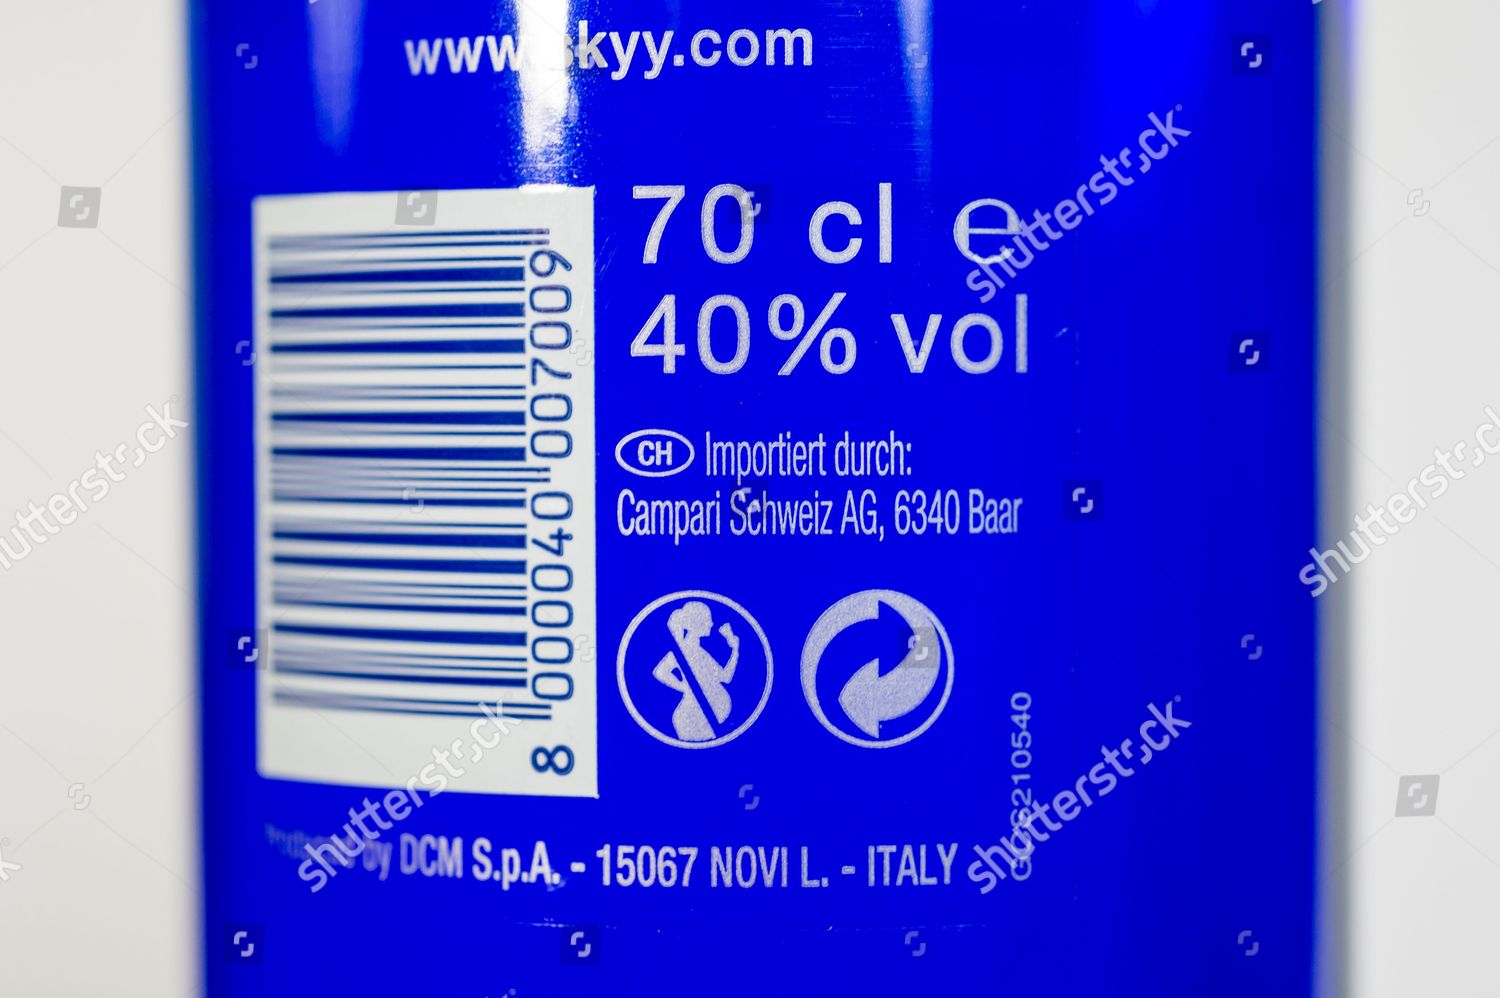 Bottle Skyy Vodka Showing 40 Shutterstock Stock Stock Photo | - Volume Image Editorial
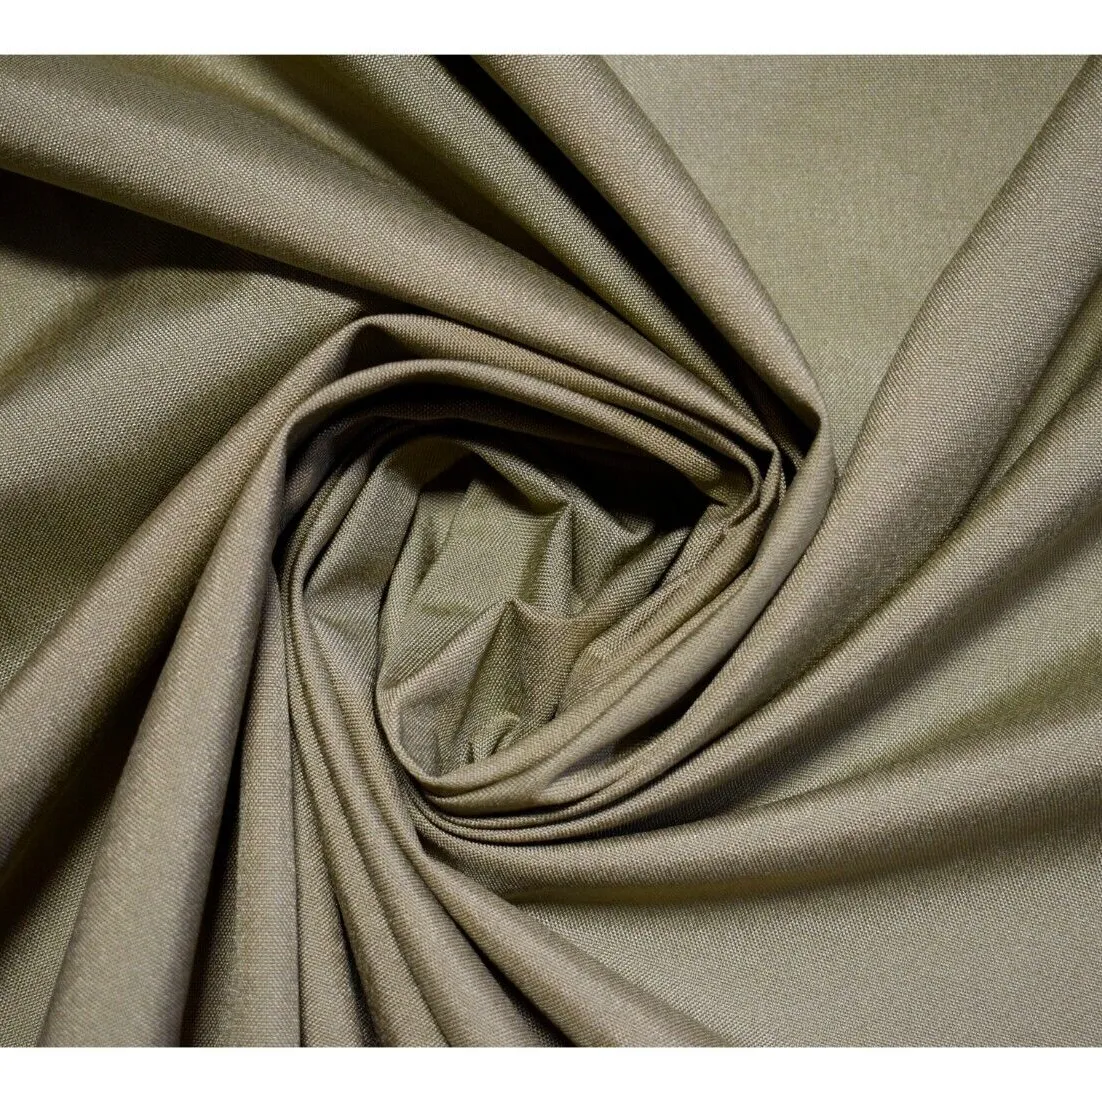 Khaki Cordura Fabric Outdoor Nylon DWR Coated Water Repellent
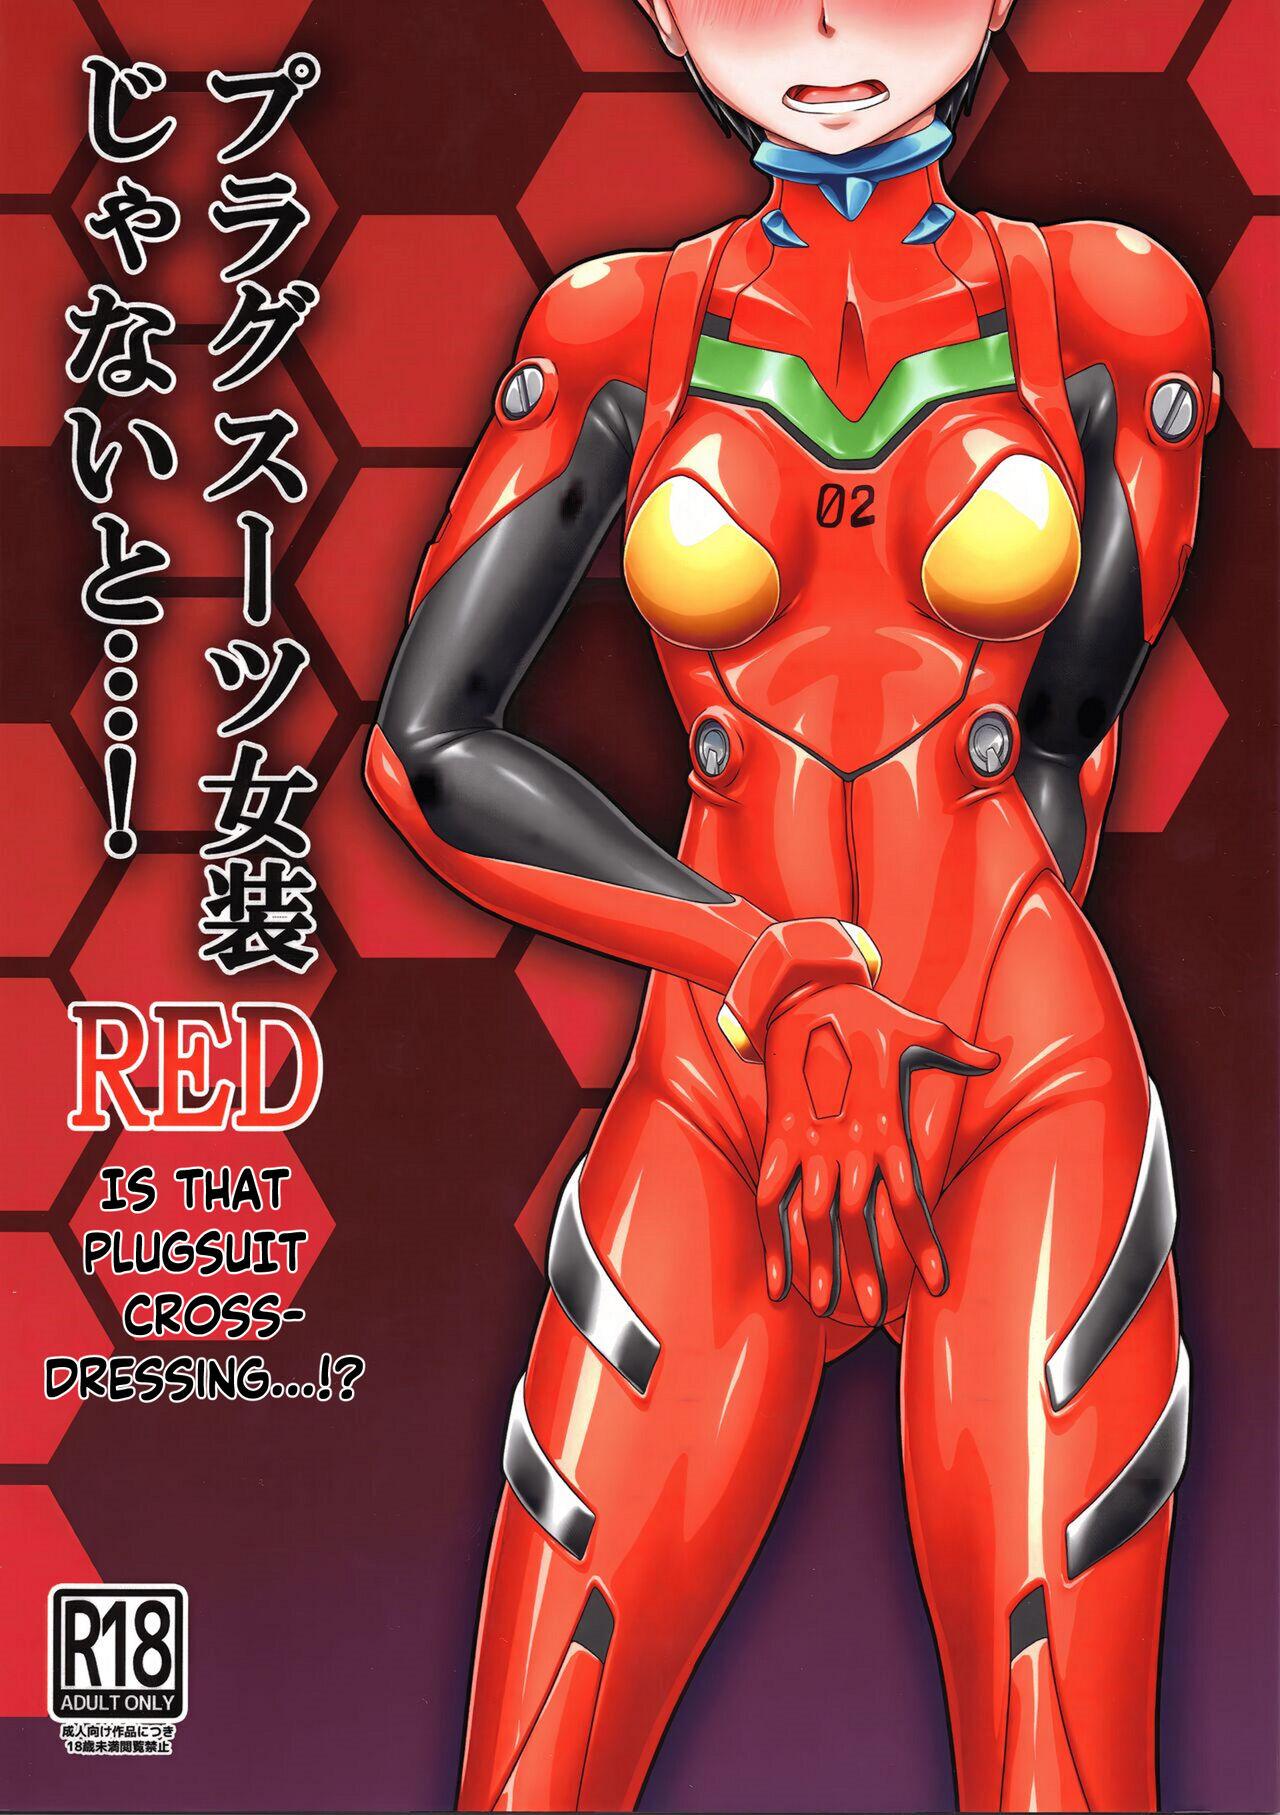 Super Plugsuit Josou ja Nai to...! RED | Is that plugsuit cross-dressing...!? - Neon genesis evangelion Orgasmus - Picture 1

··········

• [THE TASK]: Only the pictures are to be left out; restate everything else in the listing word for word.

• [RESPONSE TO THE EXERCISE]:
 Bottle Skyy Vodka Showing 40 Shutterstock Stock Stock Photo | - Volume Image Editorial
 Khaki Cordura Fabric Outdoor Nylon DWR Coated Water Repellent
 Super Plugsuit Josou ja Nai to...! RED | Is that plugsuit cross-dressing...!? - Neon genesis evangelion Orgasmus - Picture 1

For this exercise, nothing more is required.